At the same time, anti-government demonstrations broke out anew in a string of cities.

In Tehran, until now untroubled by anti-government demonstrations, protesters confronted and stoned riot police around the main university, with pro-government crowds nearby.

Videos posted on social media from the western town of Dorud showed two young men lying motionless on the ground, each covered with blood. A voiceover said they had been shot dead by riot police.

Other protesters in the video chanted, “I will kill whoever killed my brother!” The video, like others posted during the current protest wave, could not be immediately authenticated.

In earlier footage, marchers in Dorud shouted, “Death to the dictator,” referring to Supreme Leader Ayatollah Ali Khamenei.

Social media video from Mashhad showed protesters overturning a riot police car and police motorcycles set ablaze.

In Tehran, the semi-official news agency Fars said up to 70 students gathered in front of its main university and hurled rocks at police, also chanting, “Death to the dictator.”

According to unverified social media reports, this is the court complex in the city of Kerman going up in flames.

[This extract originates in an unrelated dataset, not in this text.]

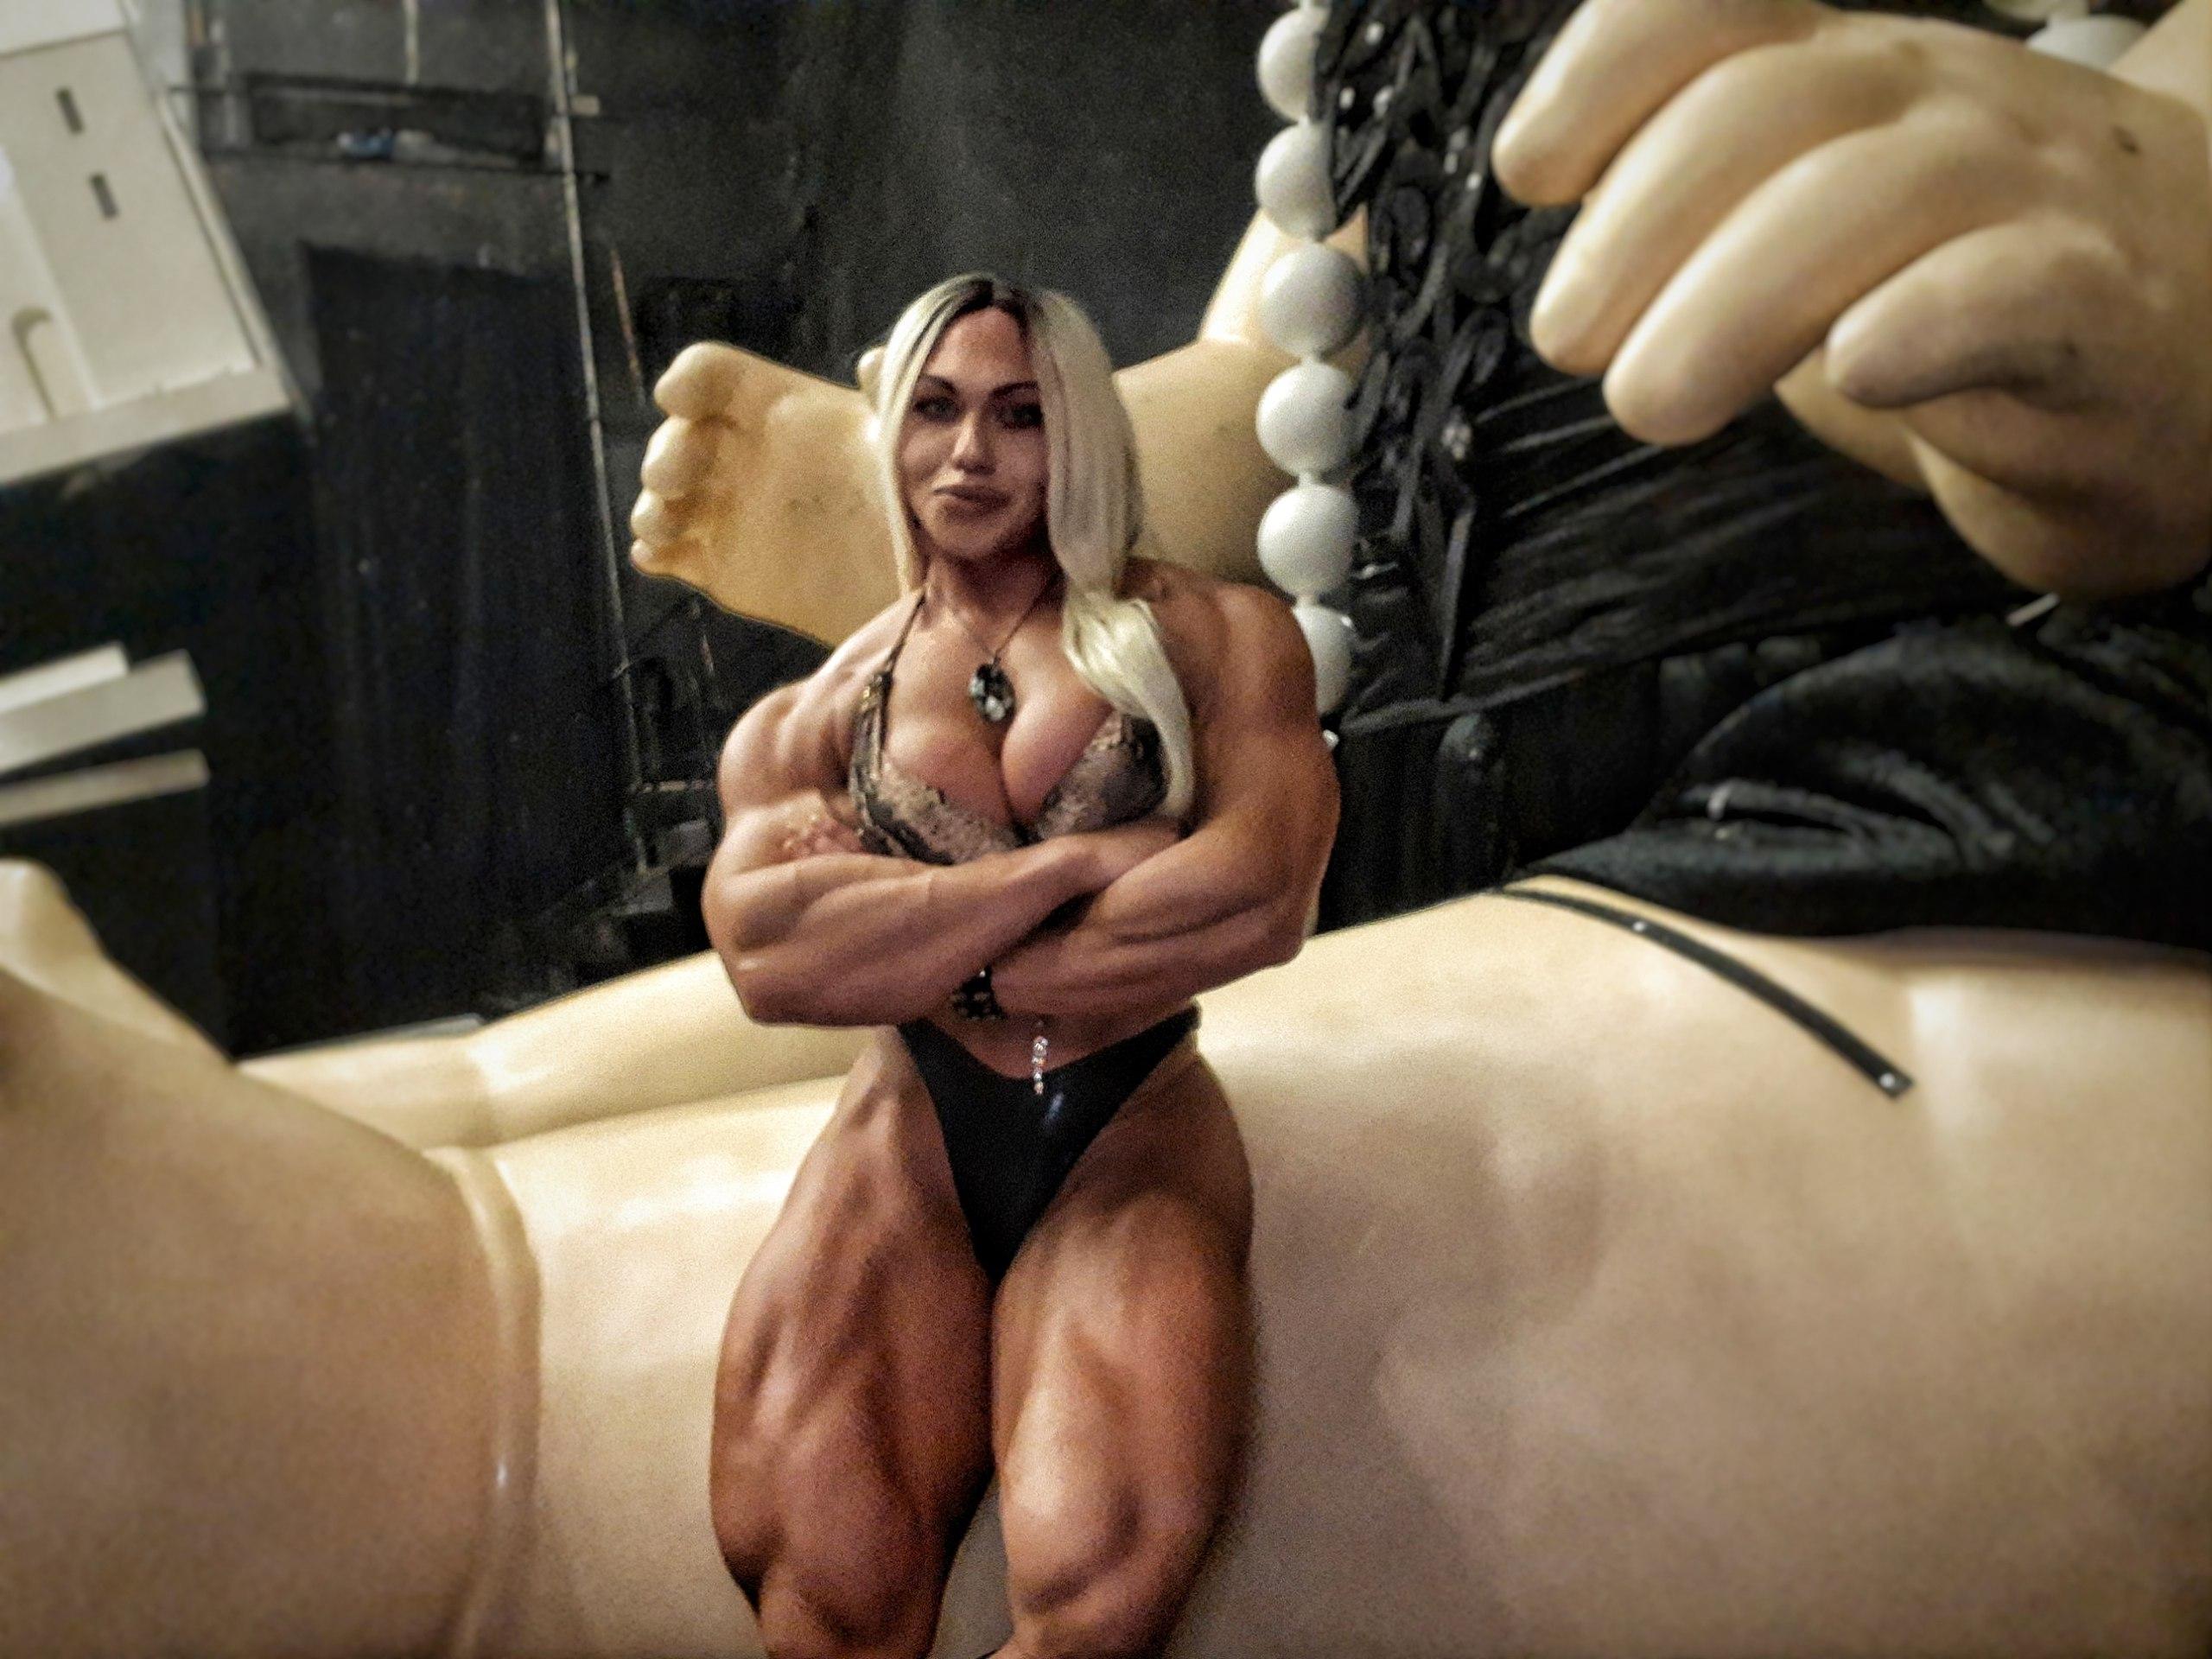 Самые накаченные девушки украины, Как выглядит самая мускулистая девушка в мире 24 фотография

Social media footage showed riot police using clubs to disperse more protesters marching in nearby streets, and arresting some of them. The student news agency ISNA said police shut two metro stations to prevent more protesters arriving.

In Tehran and Karaj west of the capital, protesters smashed windows on state buildings and set fires in the streets.

Images carried by the semi-official news agency Tasnim showed burning garbage bins and smashed-up bus shelters in the street lining the university after the protests subsided.

The United States condemned the scores of arrests of protesters reported by Iranian media since Thursday.

President Donald Trump tweeted, “The entire world understands that the good people of Iran want change, and, other than the vast military power of the United States, that Iran’s people are what their leaders fear the most.”

State media quoted Foreign Ministry spokesman Bahram Qassemi as saying in response to an earlier Trump tweet criticising the arrests: “The Iranian people see no value in the opportunistic claims by American officials and Mr. Trump.”